The task » A word-for-word retyping of the listing below is required, with the pictures dropped.

Provided material »
----
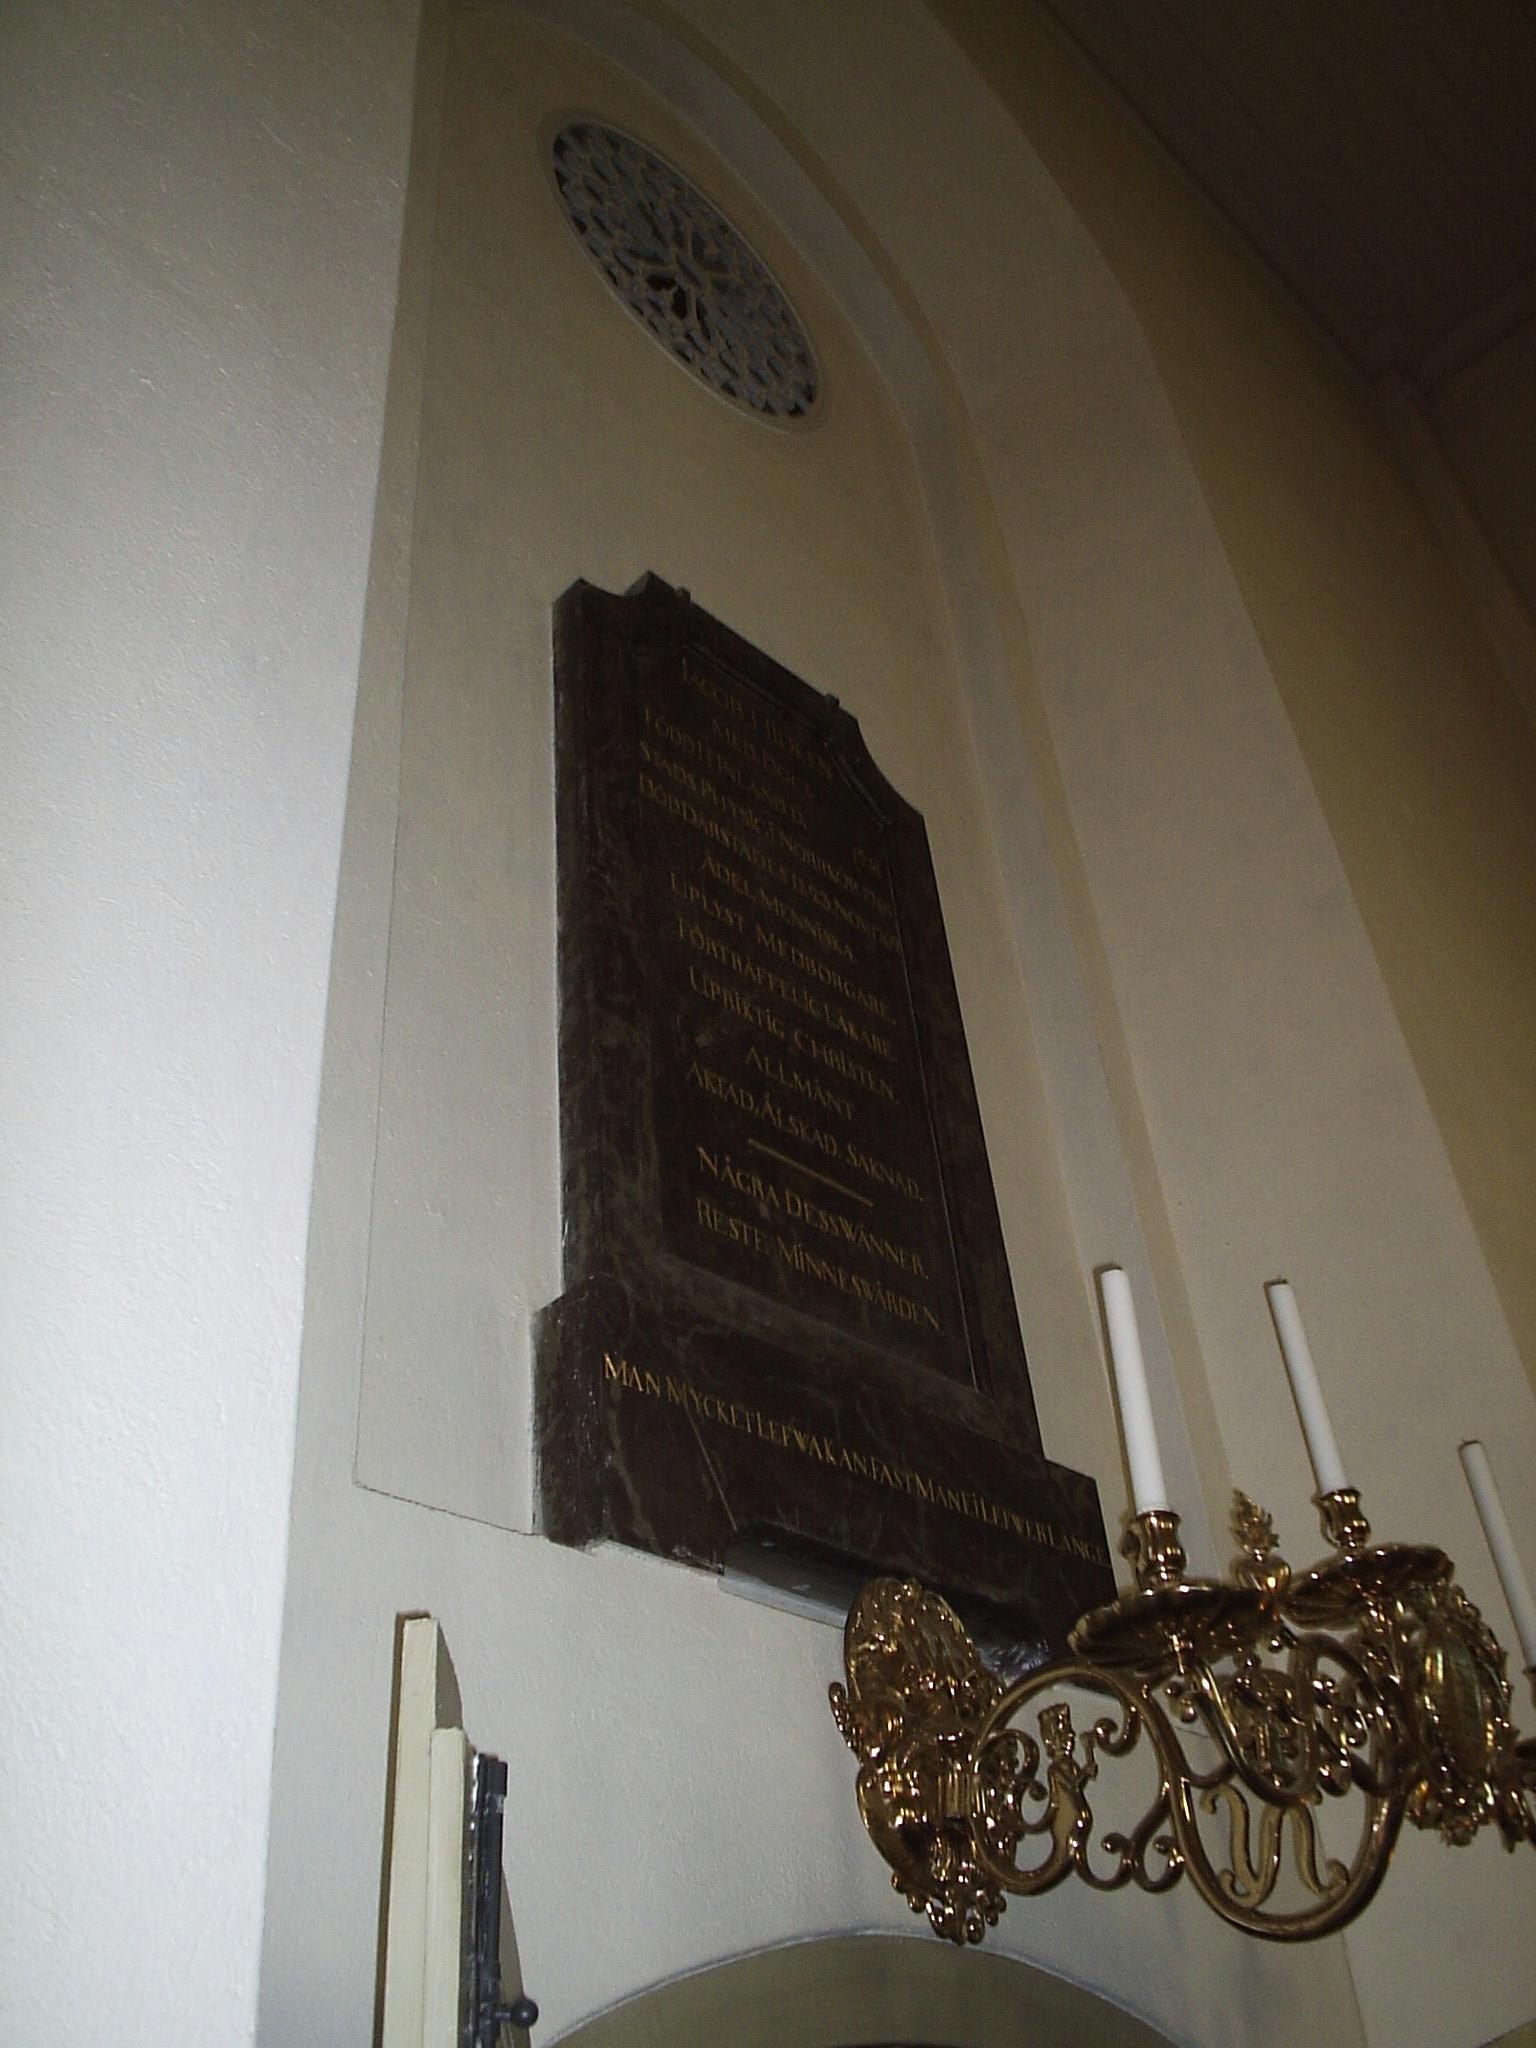 Fil:Sankt Olai kyrka i Norrkping, den 21 - Wikipedia
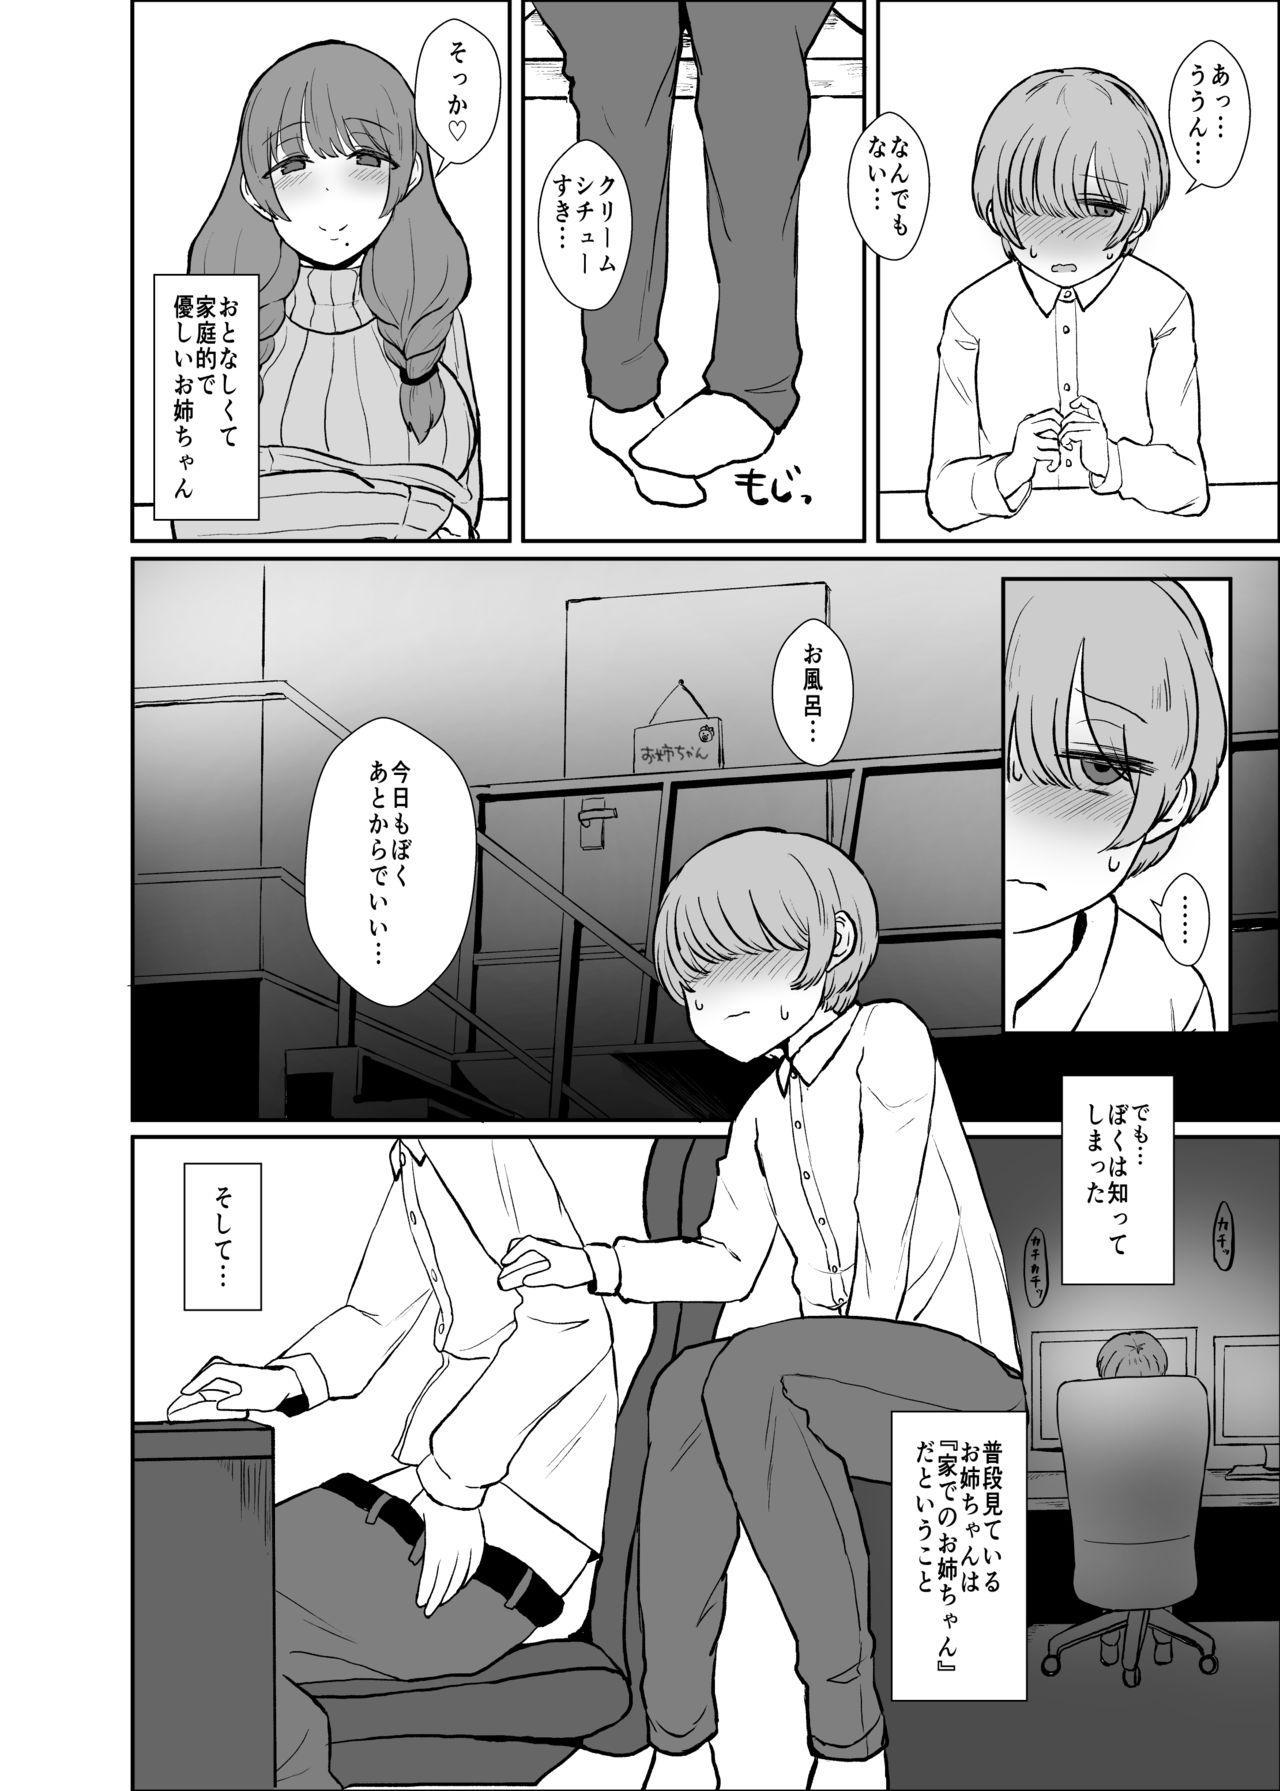 Onee-chan no Heya 3
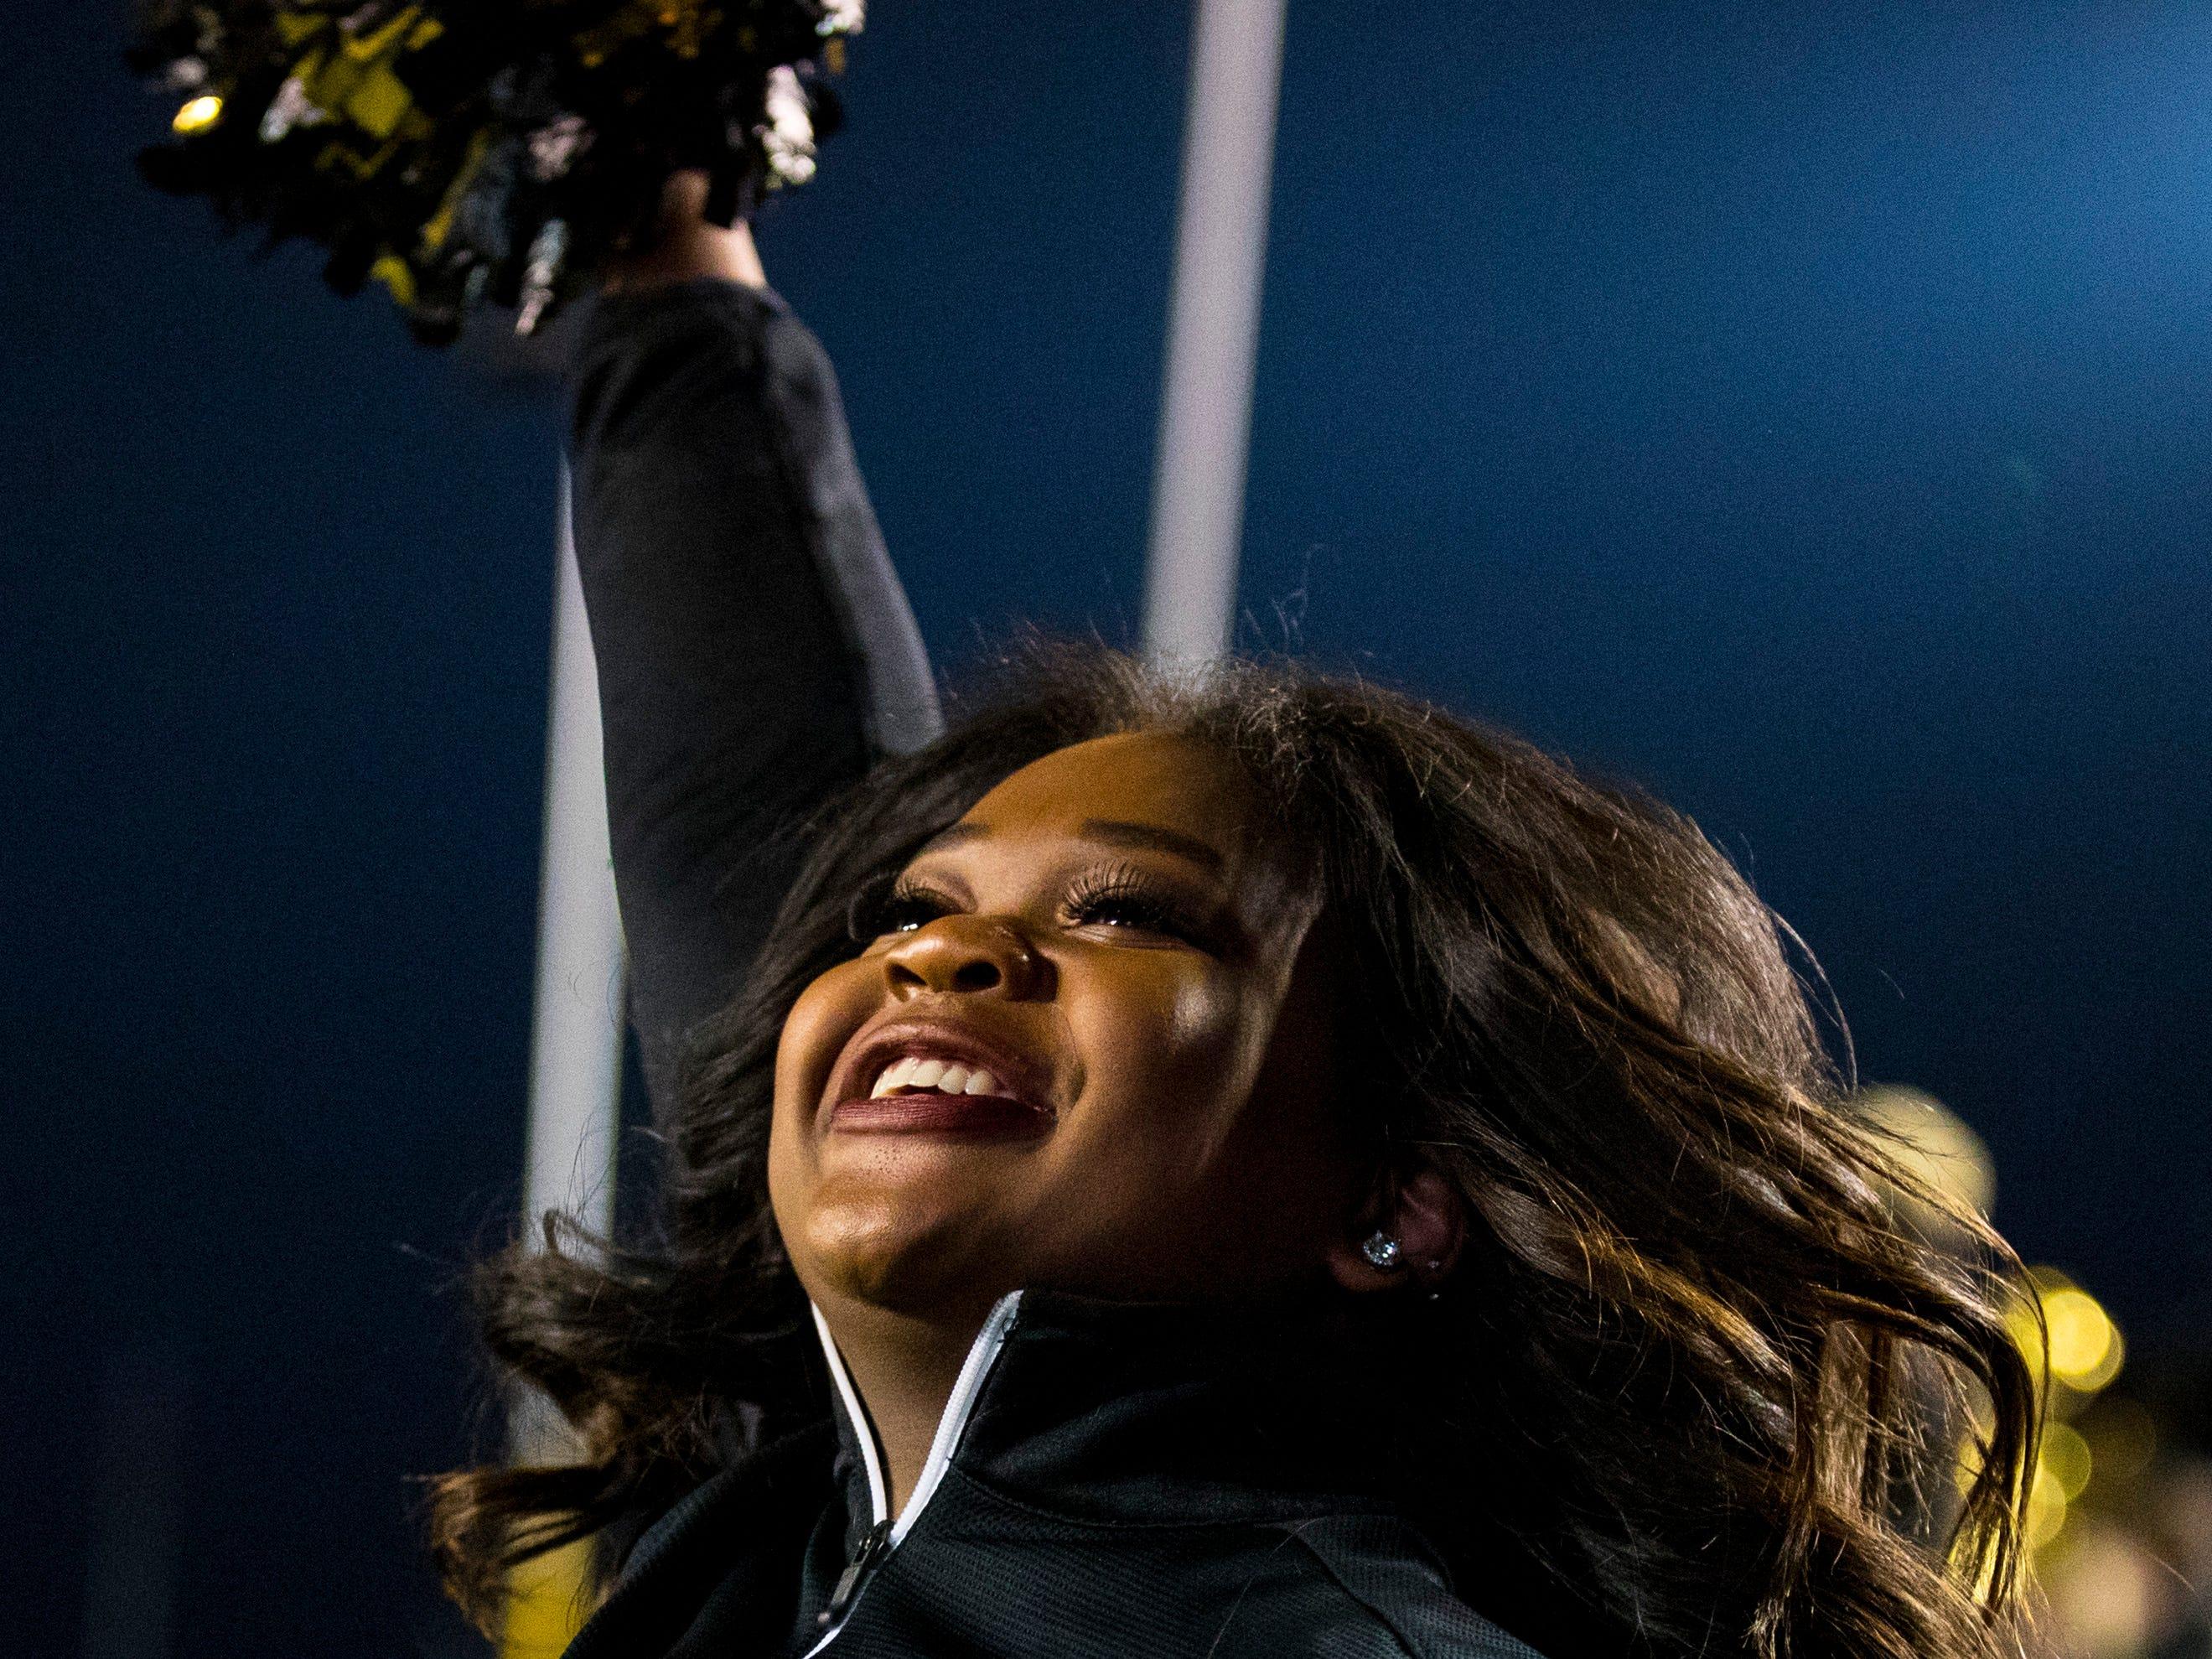 Vanderbilt cheerleader Jordan Williams cheers during Vanderbilt's game against Ole Miss at Vanderbilt Stadium in Nashville on Saturday, Nov. 17, 2018.
----
Worked solution »
 Fil:Sankt Olai kyrka i Norrkping, den 21 - Wikipedia
 Onee-chan no Heya 3
 Vanderbilt cheerleader Jordan Williams cheers during Vanderbilt's game against Ole Miss at Vanderbilt Stadium in Nashville on Saturday, Nov. 17, 2018.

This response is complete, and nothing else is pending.